Chicago daily deal purveyor Groupon Inc. defied volatile markets with an initial public offering that priced at $20 per share late Thursday, well above an initial $16 to $18 range, and raised $700 million.
The IPO ranks as the second-largest Internet IPO this year, after Russian Internet search engine operator Yandex NV, according to Thomson Reuters. Yandex's highly successful IPO on the Nasdaq in May also priced above its estimated $20 to $22 target range, valuing the company at about $8 billion.
Groupon's stock began trading on the Nasdaq Friday, opening at $28. Shortly before noon, the stock was at $28.34, or 41.70% above its IPO price. Yandex's valuation was viewed as frothy at the time. Likewise, some analysts predicted that an overly rich valuation for Groupon -- at about $12.8 billion at the IPO -- would be driven largely by its minuscule initial float of about 5% of outstanding shares, said to be one of the lowest floats of the past decade.
"With shares sold in the IPO representing only 5% of the company's shares outstanding, the stock could trade up after listing because of this favorable supply and demand dynamic," said Kathleen Smith, a principal at Renaissance Capital, a Greenwich, Conn.-based IPO research boutique. "Groupon is tapping the IPO market at a challenging time," Smith said, though she added that the market has improved "substantially" since the beginning of the third quarter. "We see institutional money flows beginning to come into these types of unseasoned stocks," Smith said.

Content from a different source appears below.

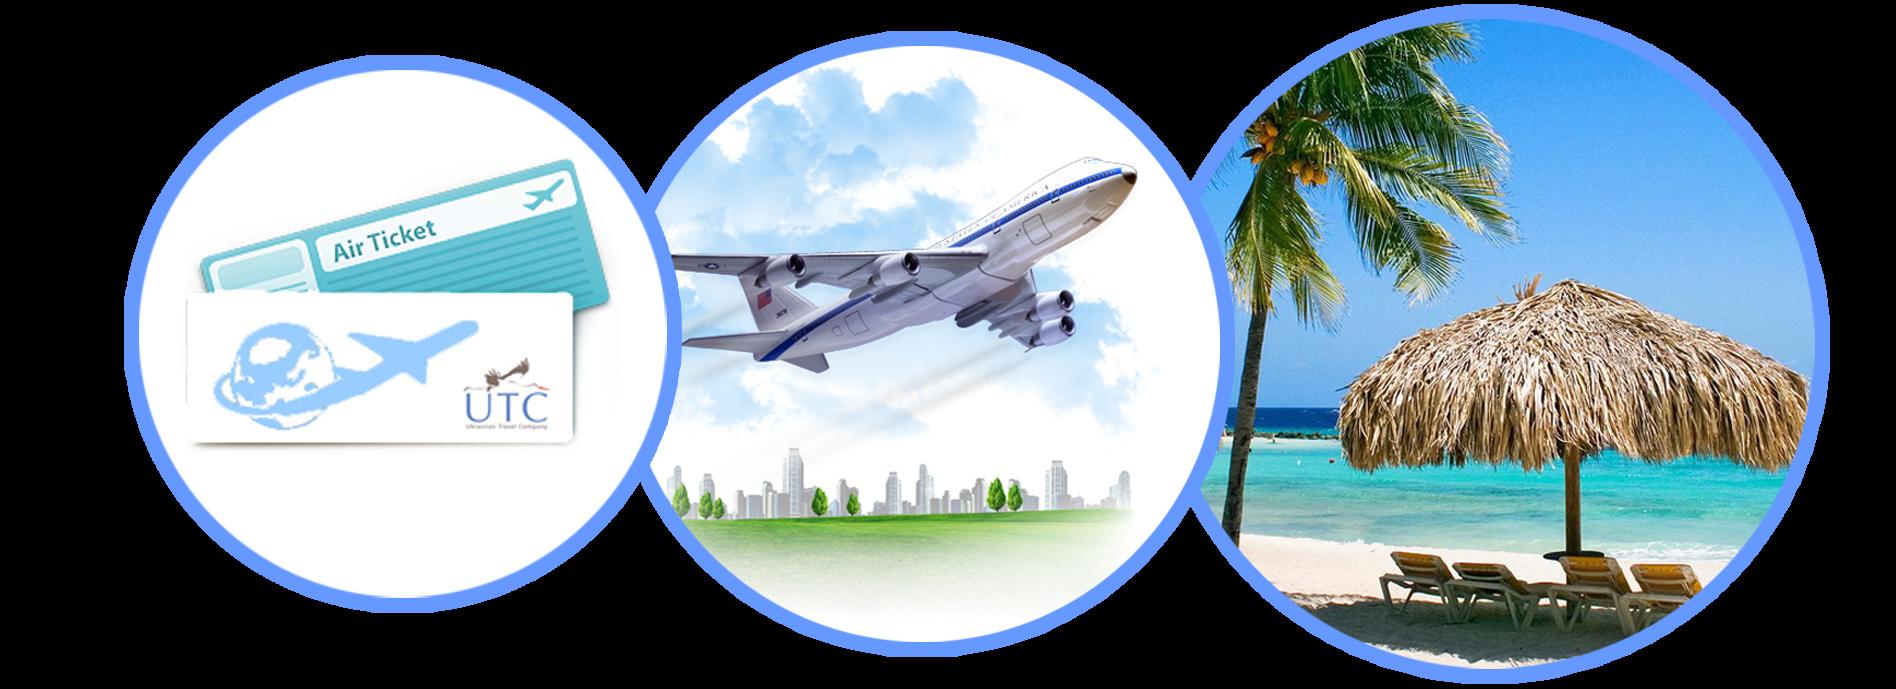 Дешевые авиабилеты. Авиабилеты онлайн. Авиа билеты. Авиа кассы

Still, U.S. IPO issuance dropped 42% in the third quarter this year, marking the third consecutive quarterly decline, Thomson Reuters said. Groupon's upsized IPO, increased to 35 million shares from 30 million shares, may serve as a bellwether for Internet IPOs, though that remains to be seen as markets continue to gyrate amid global economic uncertainties and the European sovereign debt crisis. The 2-1/2-year-old company, a popular provider of daily discounted offers for goods and services based on locality and personal preferences, is expecting to generate about $1.6 billion in revenue this year but remains unprofitable.
The buzz generated by its IPO filing in June has been tempered by missteps. Regulators had revealed accounting discrepancies that led to the company's restatement of financials in September that essentially cut its revenue by half. Analysts have also raised questions over its optimistic growth projections, pointing to the threat posed by hundreds of competitors, including Google Inc.'s Google Offers and Living Social, which is backed by Amazon.com Inc.
Groupon "offers investors a new business model in an emerging market" and has shown "impressive growth," said Smith. However, she said her firm has "advised our institutional clients that Groupon still faces significant concerns about expense management and their ability to continue their customer development."